PROVIDED DATA:

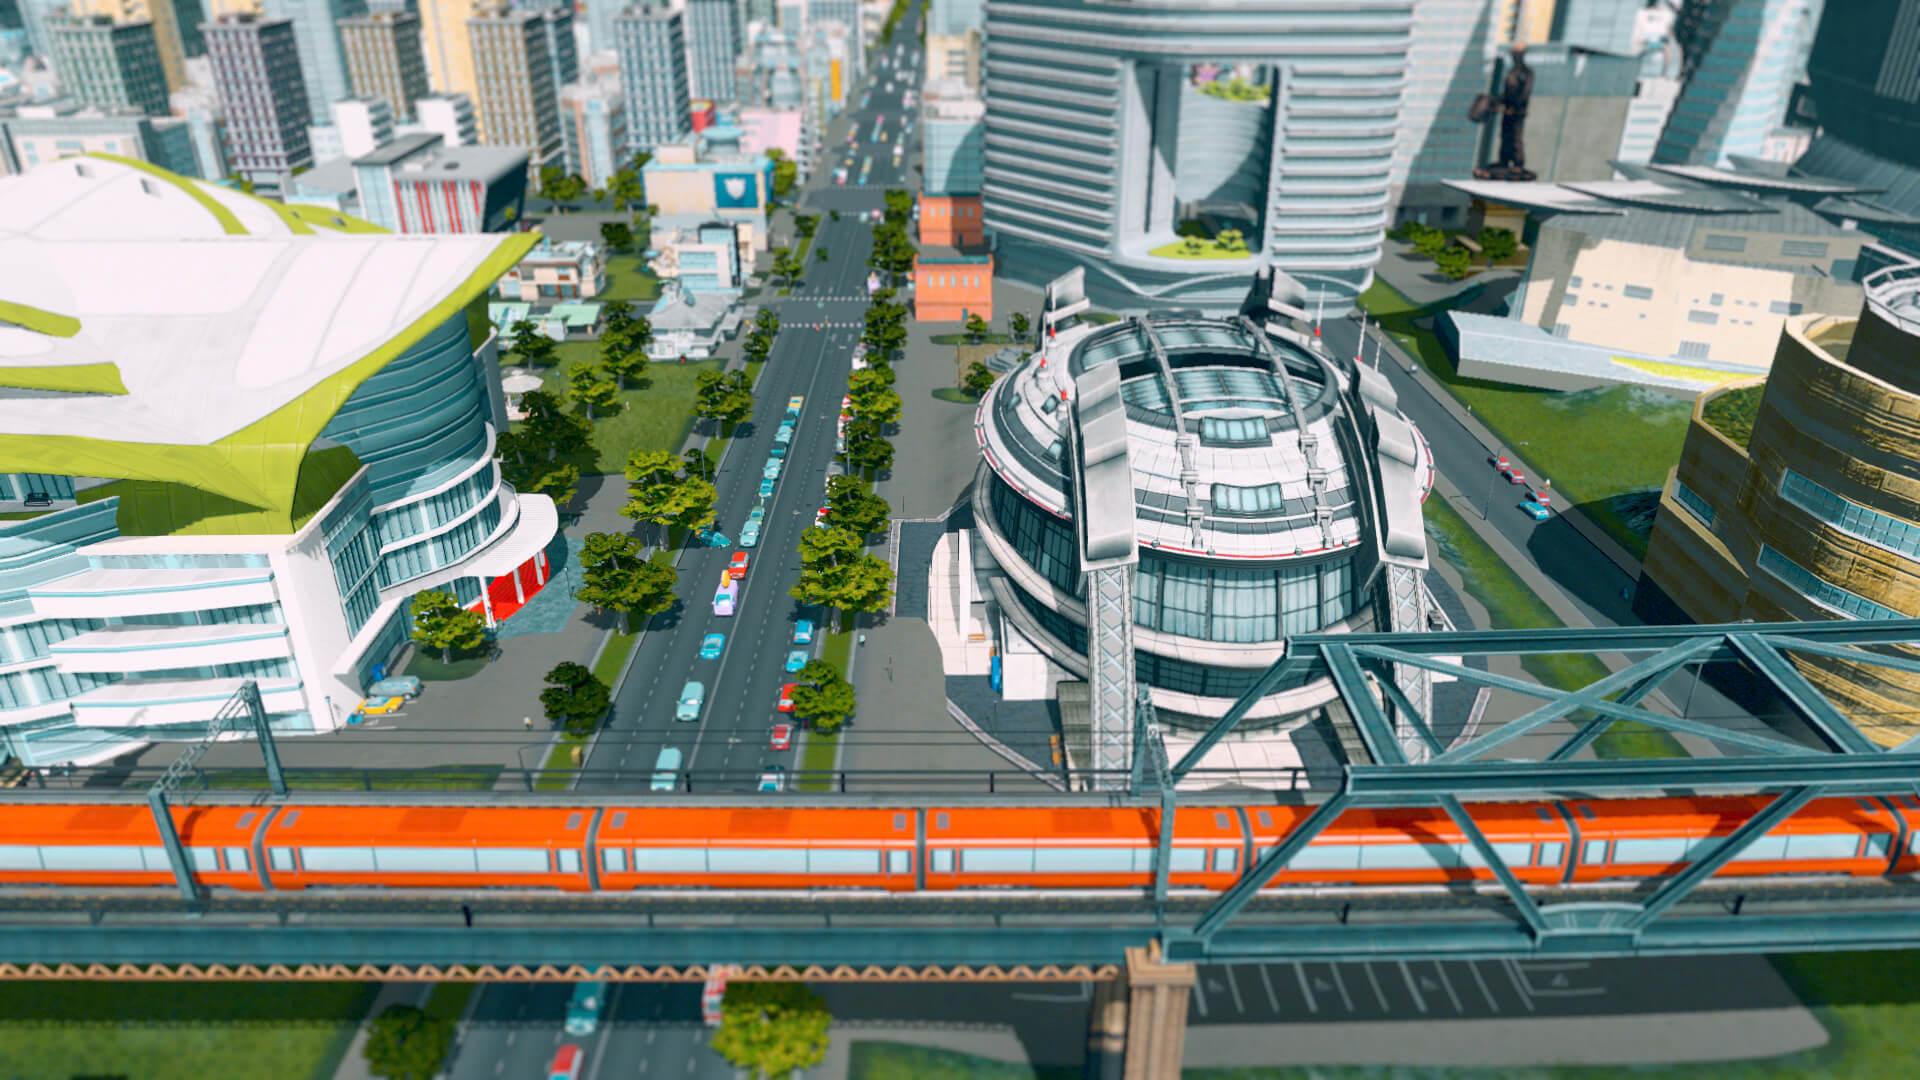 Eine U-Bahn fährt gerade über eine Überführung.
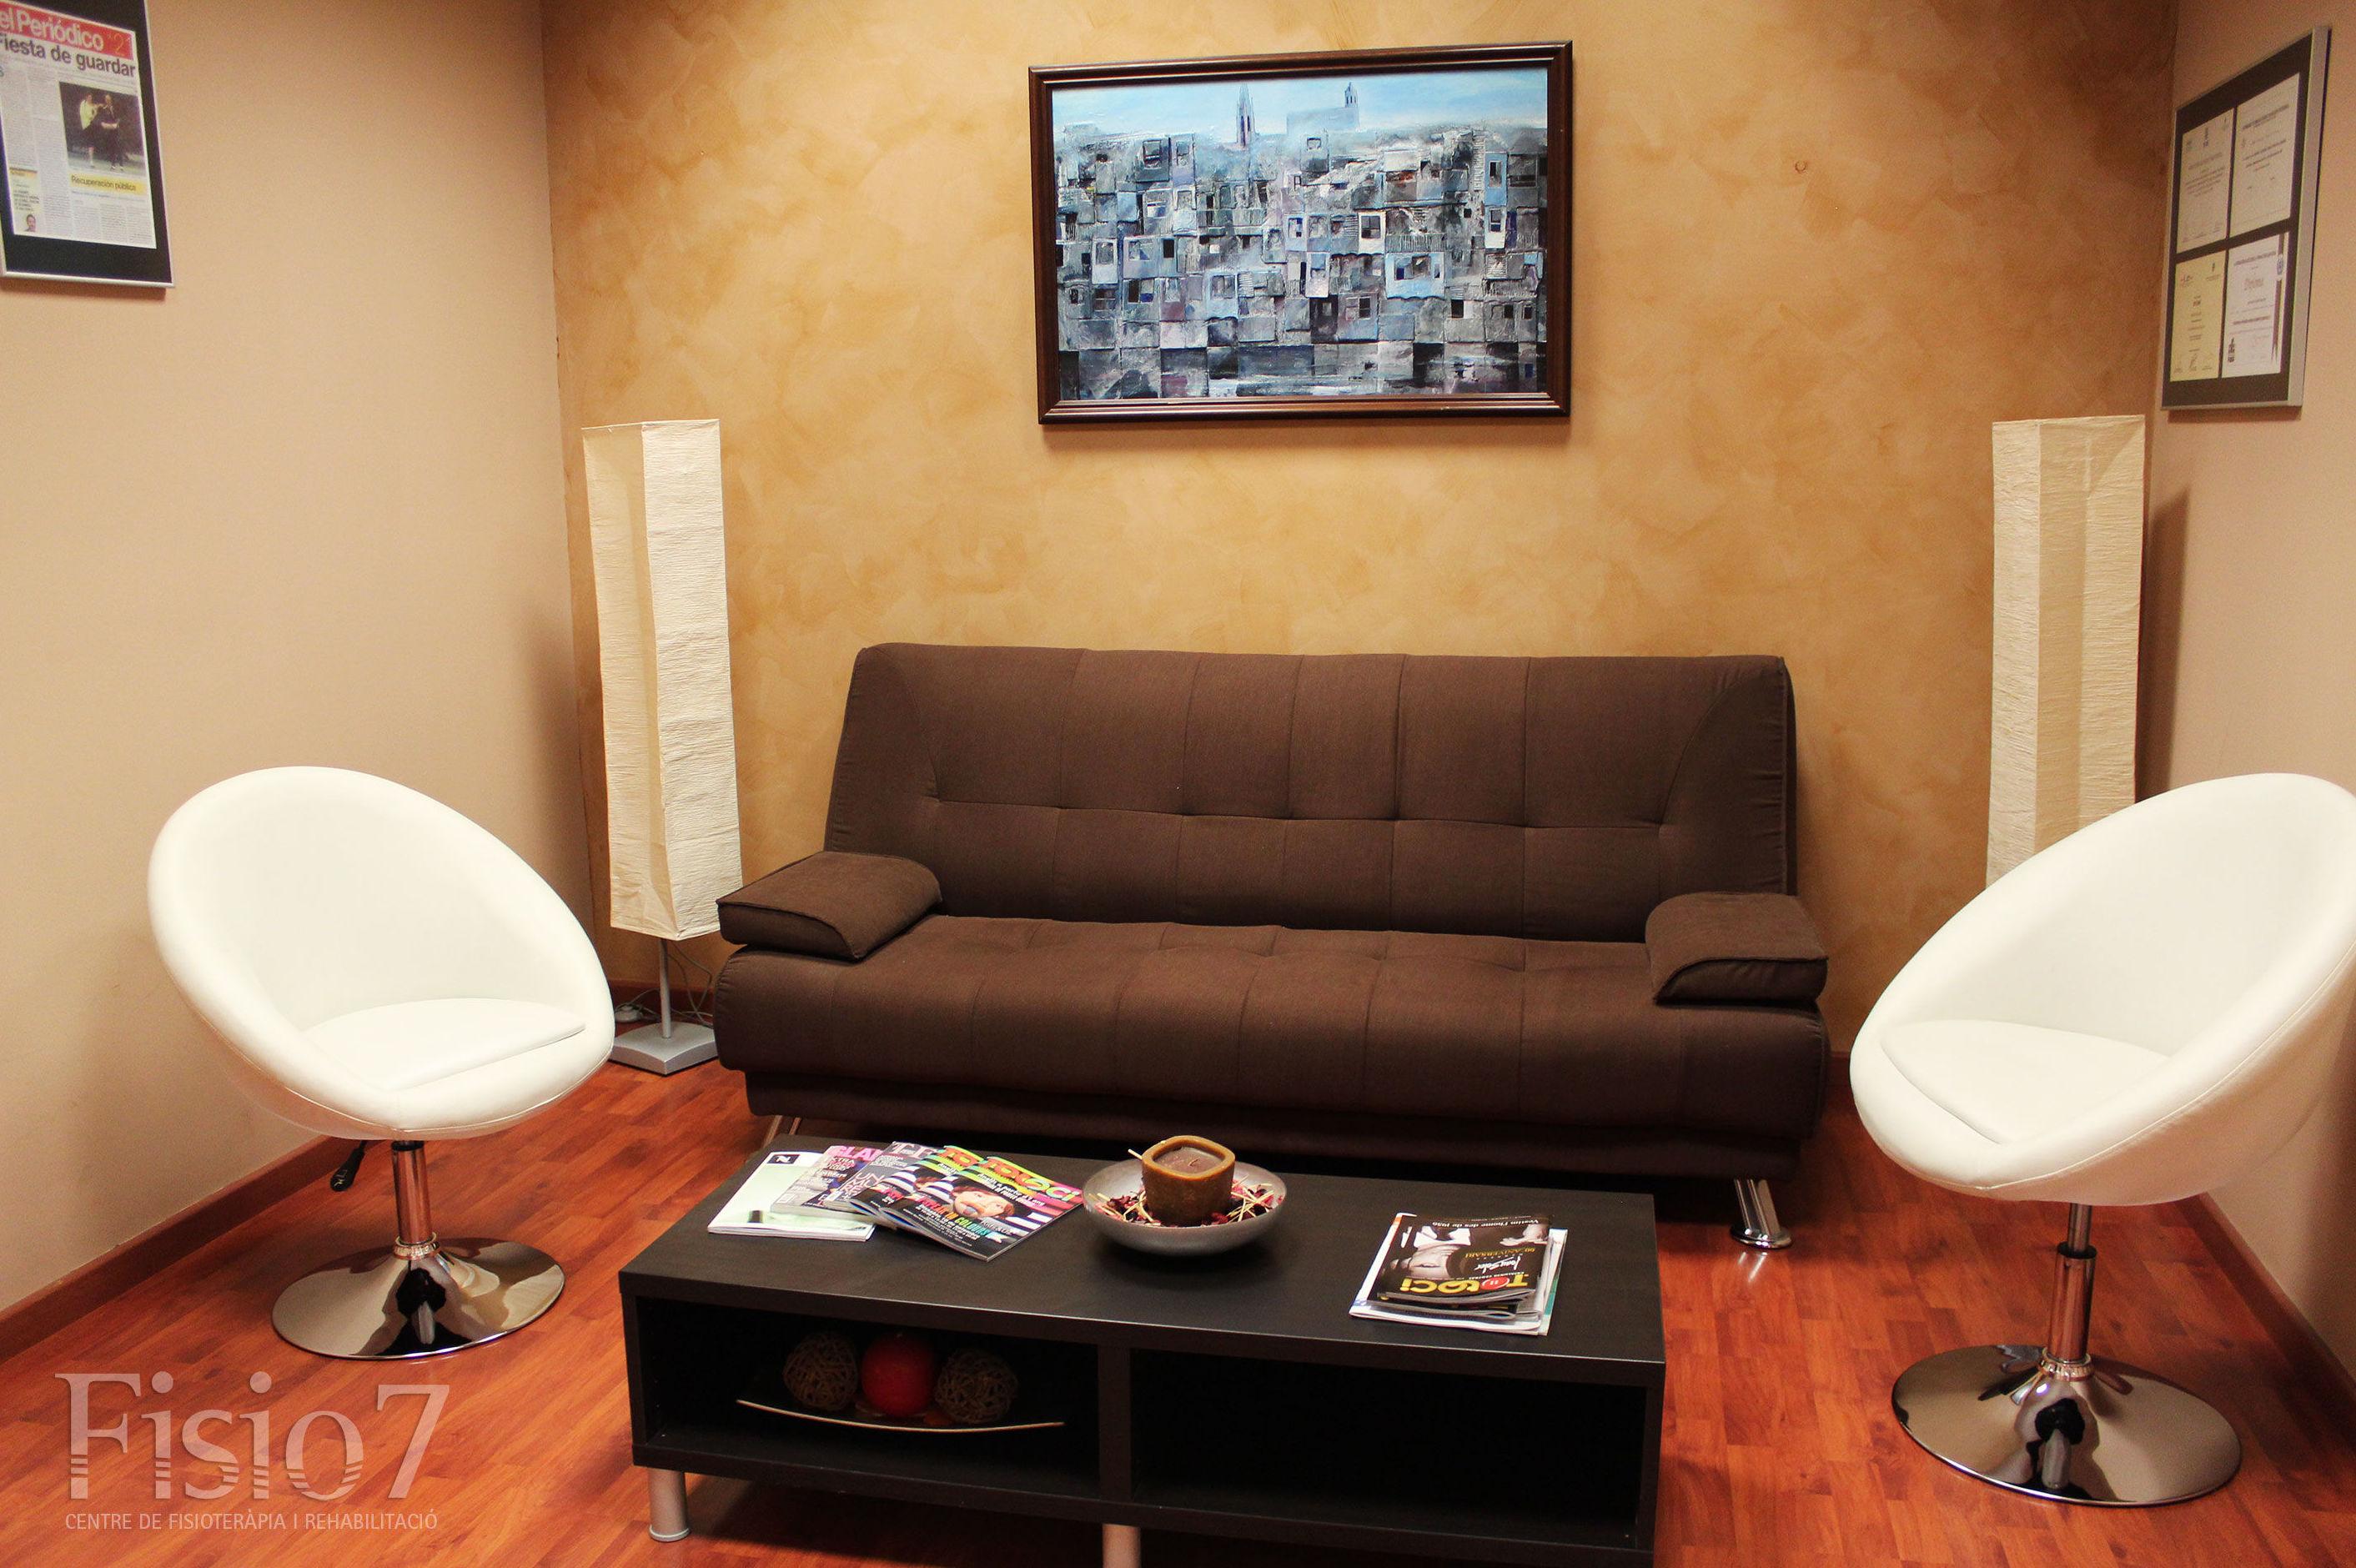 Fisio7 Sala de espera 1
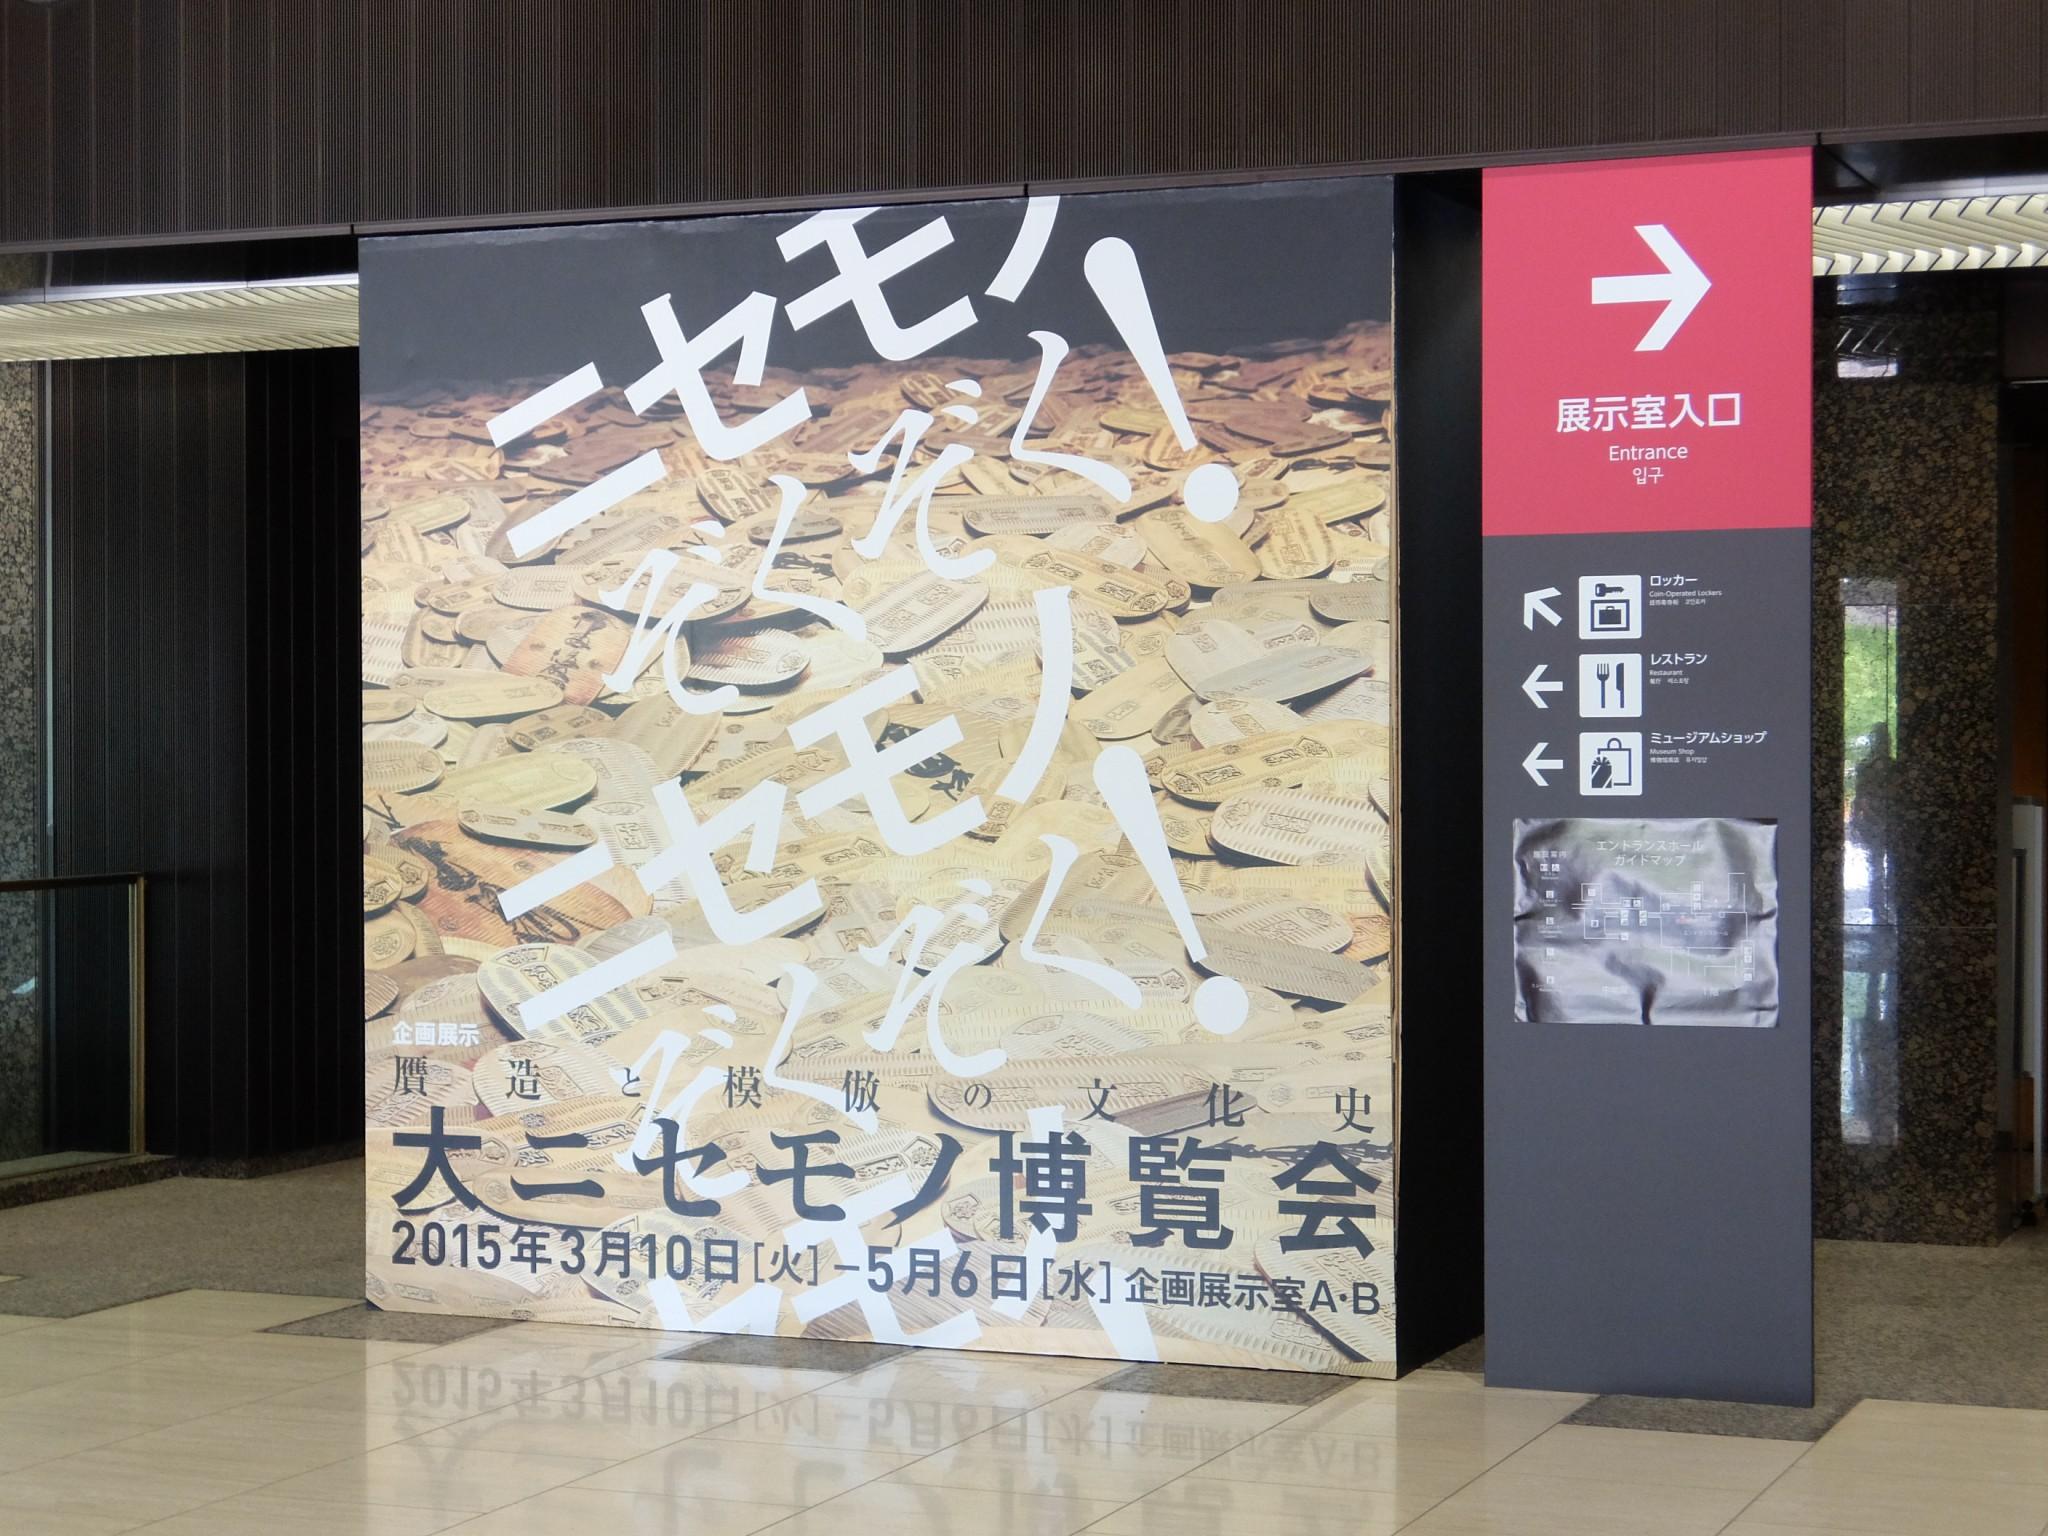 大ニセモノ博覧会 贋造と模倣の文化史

INSTRUCTIONS FOR THE TASK: Restating the data word for word is the task, and pictures are to be omitted.

ANSWER SPACE:
 Eine U-Bahn fährt gerade über eine Überführung.
 Fisio7 Sala de espera 1
 大ニセモノ博覧会 贋造と模倣の文化史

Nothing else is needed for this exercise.